We’re about to receive ~50,000 pages of multi-page TIFF and/or TIF files, and I’m a bit worried about processing them locally. Does DT3 play nice with multi-page TIFF? Will it OCR and PDF them?
Do you have a sample file to test?
PS: I hope you’re not thinking of queueing up 50,000 TIFF files to OCR.
Inquiring now-- thanks.
And yes, that is actually my plan—splitting the task across three Macs. I recently OCR’d about that many PDF pages in DT3… Started it in the morning and it was finished by the evening. But maybe processing TIFFs is more intensive? I don’t know what to expect, this is the first time I’ve had to deal with them.
Where are you getting these files and for purpose?

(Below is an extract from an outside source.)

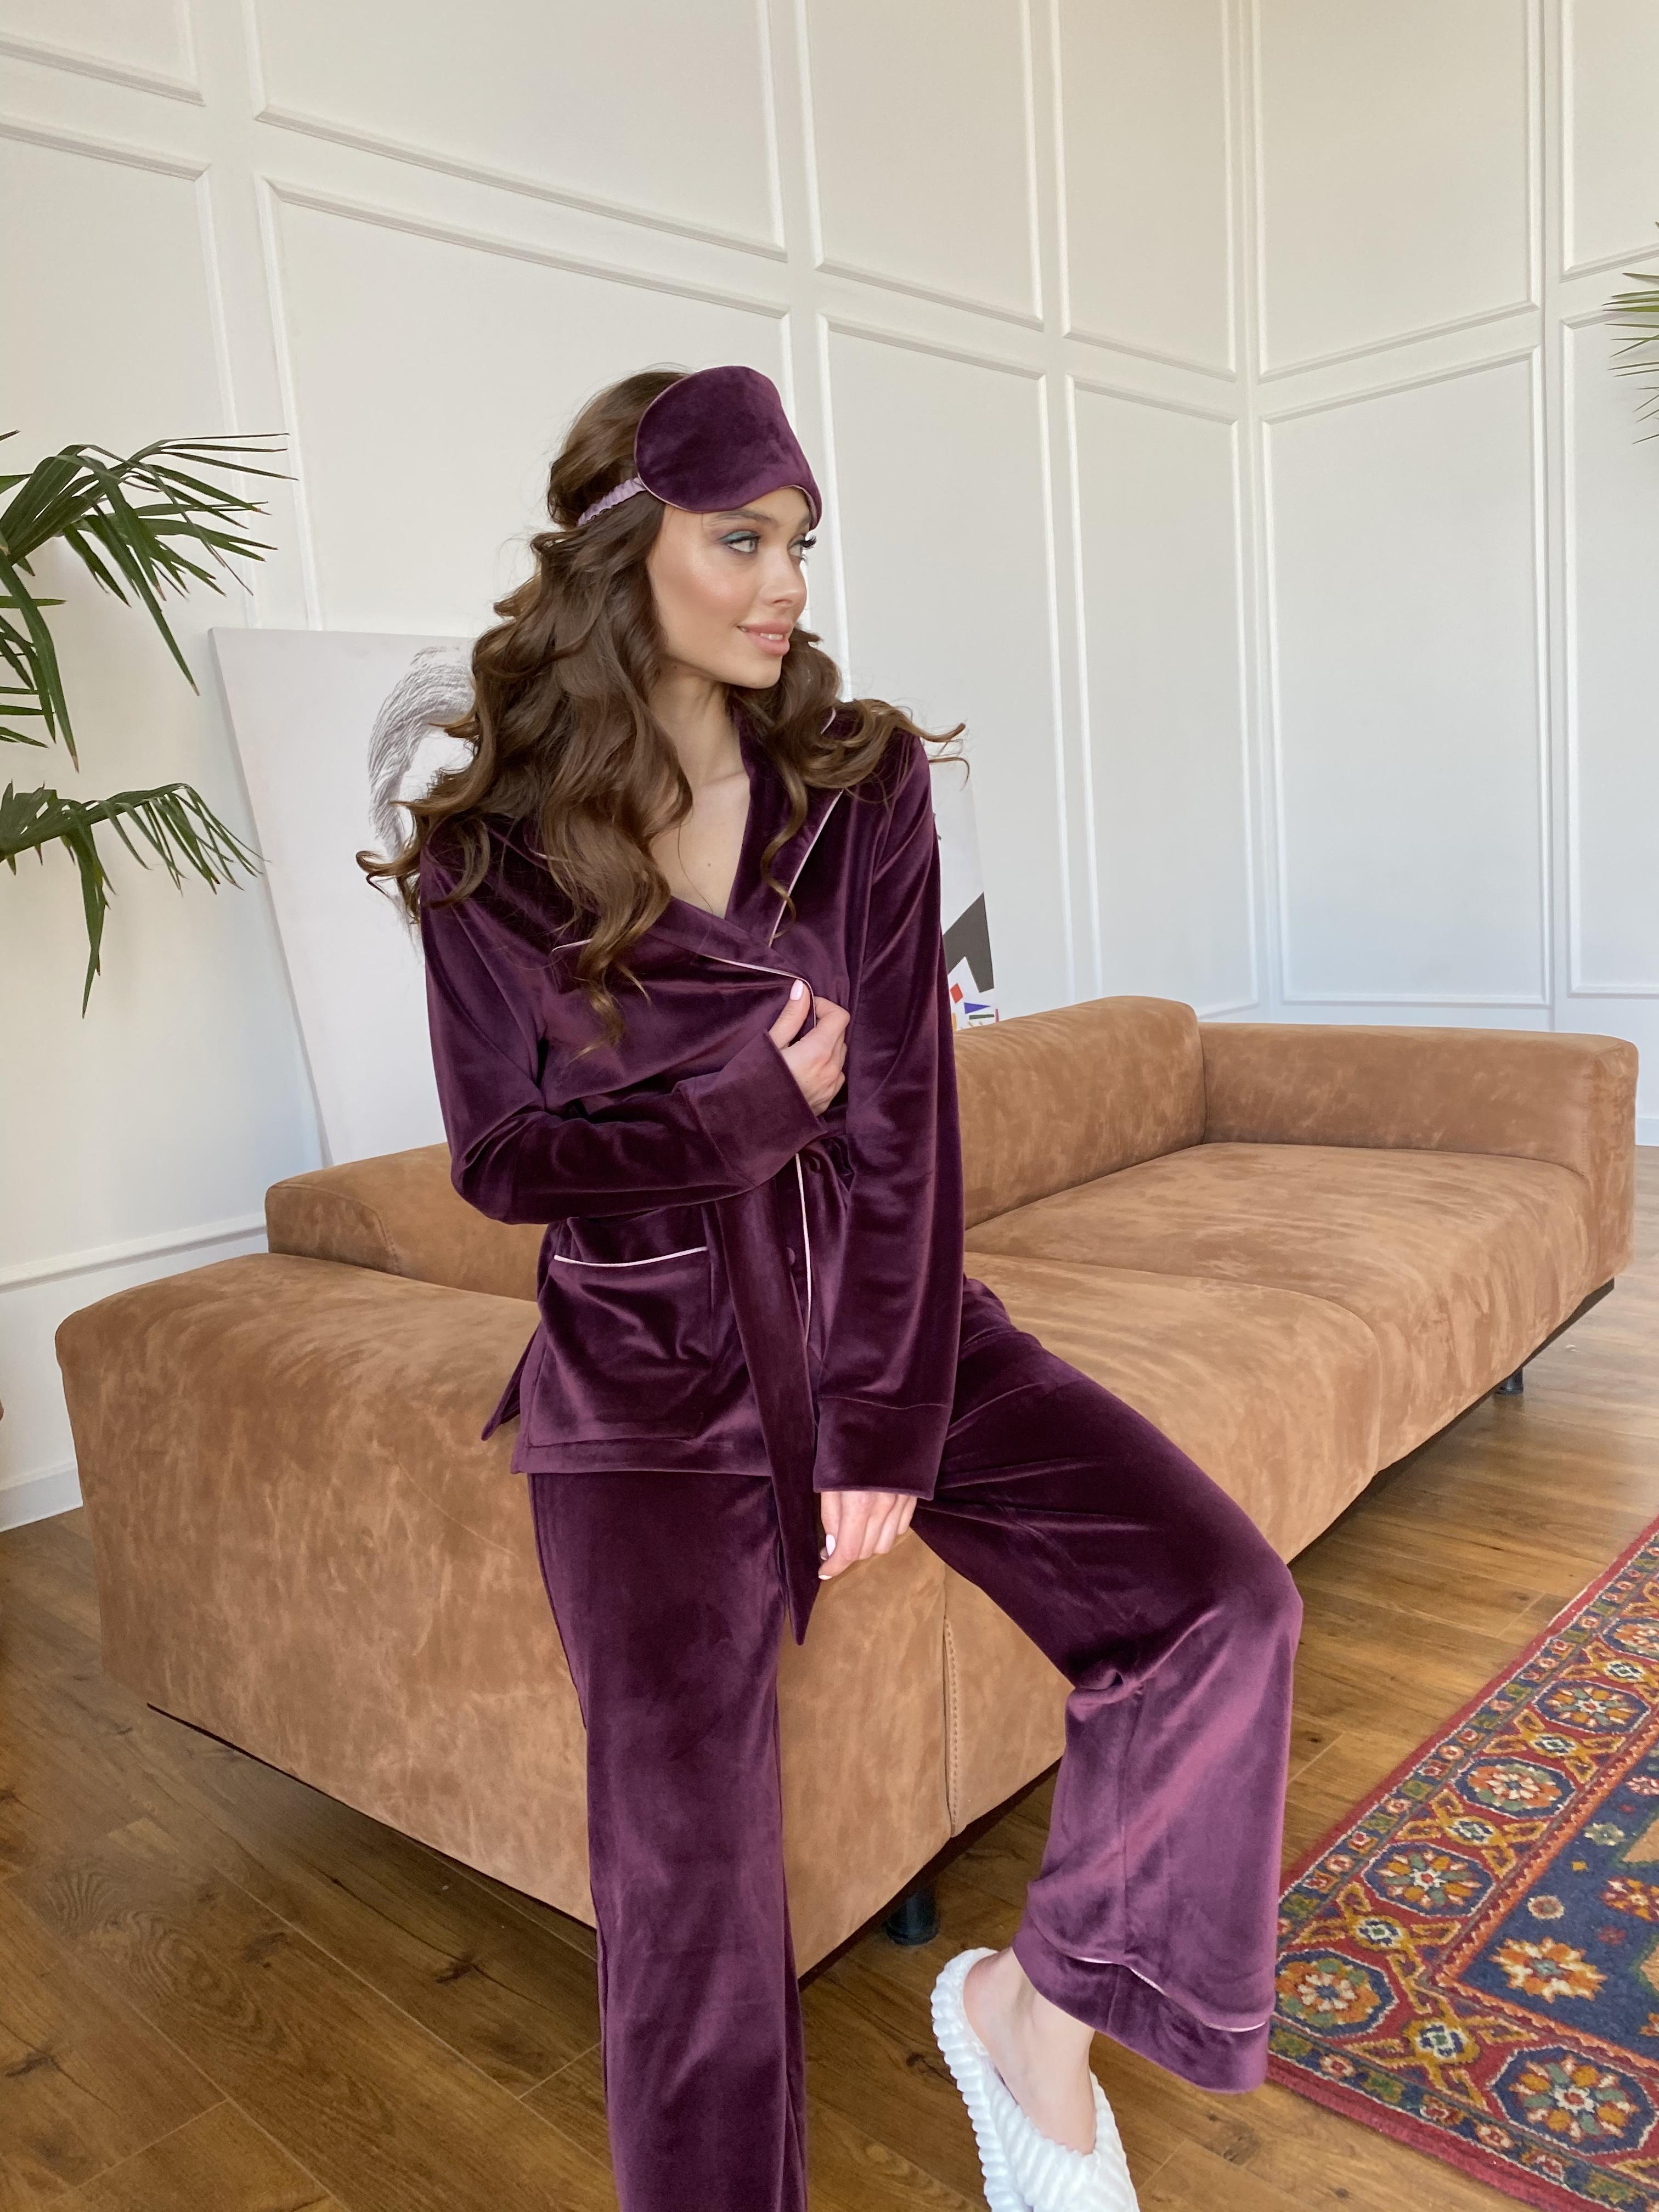 Оптом женские костюмы от Modus Шайн пижама велюр жакет брюки маска для сна 10353
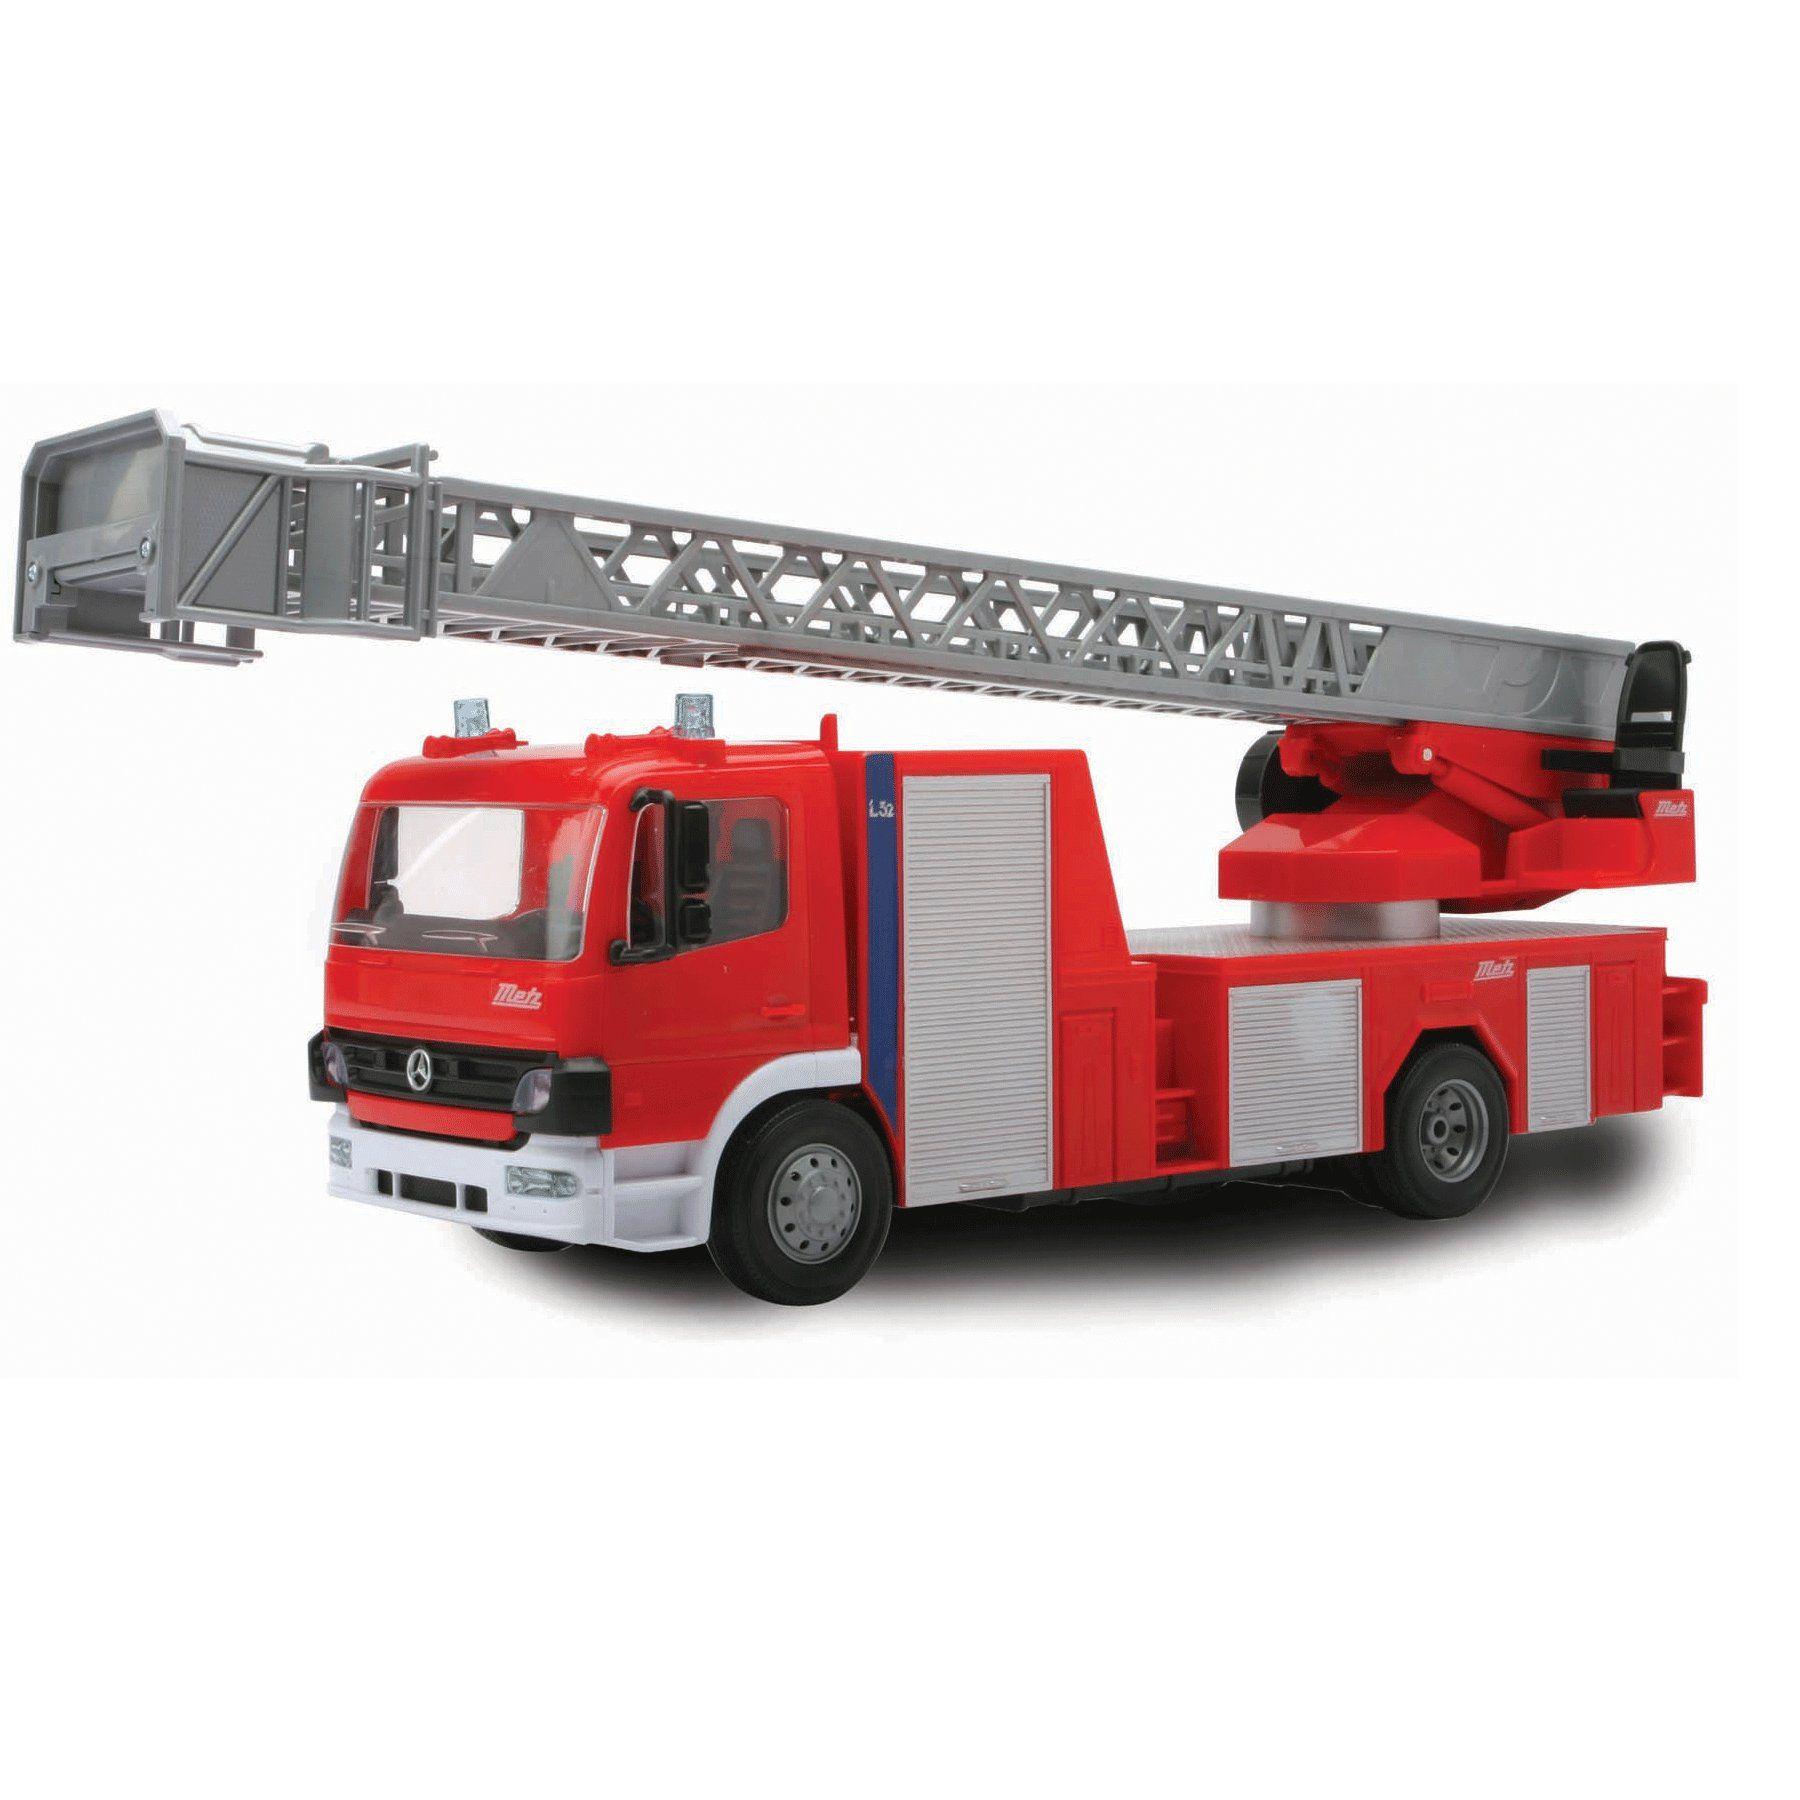 Camion De Pompier : Coloriage Gratuit D'un Camion De Pompier intérieur Jeux De Camion De Pompier Gratuit

It’s an e-discovery dump coming from a state regulatory agency in the U.S. during a lawsuit. Evidently some of the more popular e-discovery platforms use TIFF
Gotcha. I’m familiar with them from the printing industry.
Hi,
had the same issue. Here is the solution:
- Install Homebrew (-> https://brew.sh → execute in Terminal:
/bin/bash -c “$(curl -fsSL https://raw.githubusercontent.com/Homebrew/install/HEAD/install.sh)”
(don’t forget the quotations at the end!)
- install ImageMagick in Terminal:
brew install imagemagick
-
put all tiff-files in a folder (e.g. ~/Desktop/tiff-convert)
-
execute the following command in Terminal:
find ~/Desktop/tiff-convert -iname “*.tiff” -exec convert {} {}.pdf ;
(at the end is a “;”!)
This converts all tiff-files in the folder to PDF files. But please be aware, that in some cases (2-3%) it doesn’t work.
- The PDF files should then be processed with OCR in DEVONthink.
Does that mean that DT can’t OCR multi-page TIFFs?
From my initial test, yes it can. However, we are trying to locate some good real-world example files to test.
@tjur: as @BLUEFROG said (and I could confirm), DT handles multi-page TIFFs just fine. I.e. it can OCR and convert them to PDF. So, which problem did ImageMagick solve in this case?
I found an ugly multi-page TIFF here:
Interestingly, it seems to use different compressions for the pages.
As to real-world samples: The USPTO used TIFFs in the past, and you can find a lot of those here:
http://storage.googleapis.com/patents/grant_multi_page_imgs_before2000
You’ll find a heap of ZIPs, each of them containing tons of files filed by USPTO No. The quality of the TIFFs might be terrible, though.
Some anglophone courts are perhaps also using TIFFs, but I couldn’t come up with a sample yet.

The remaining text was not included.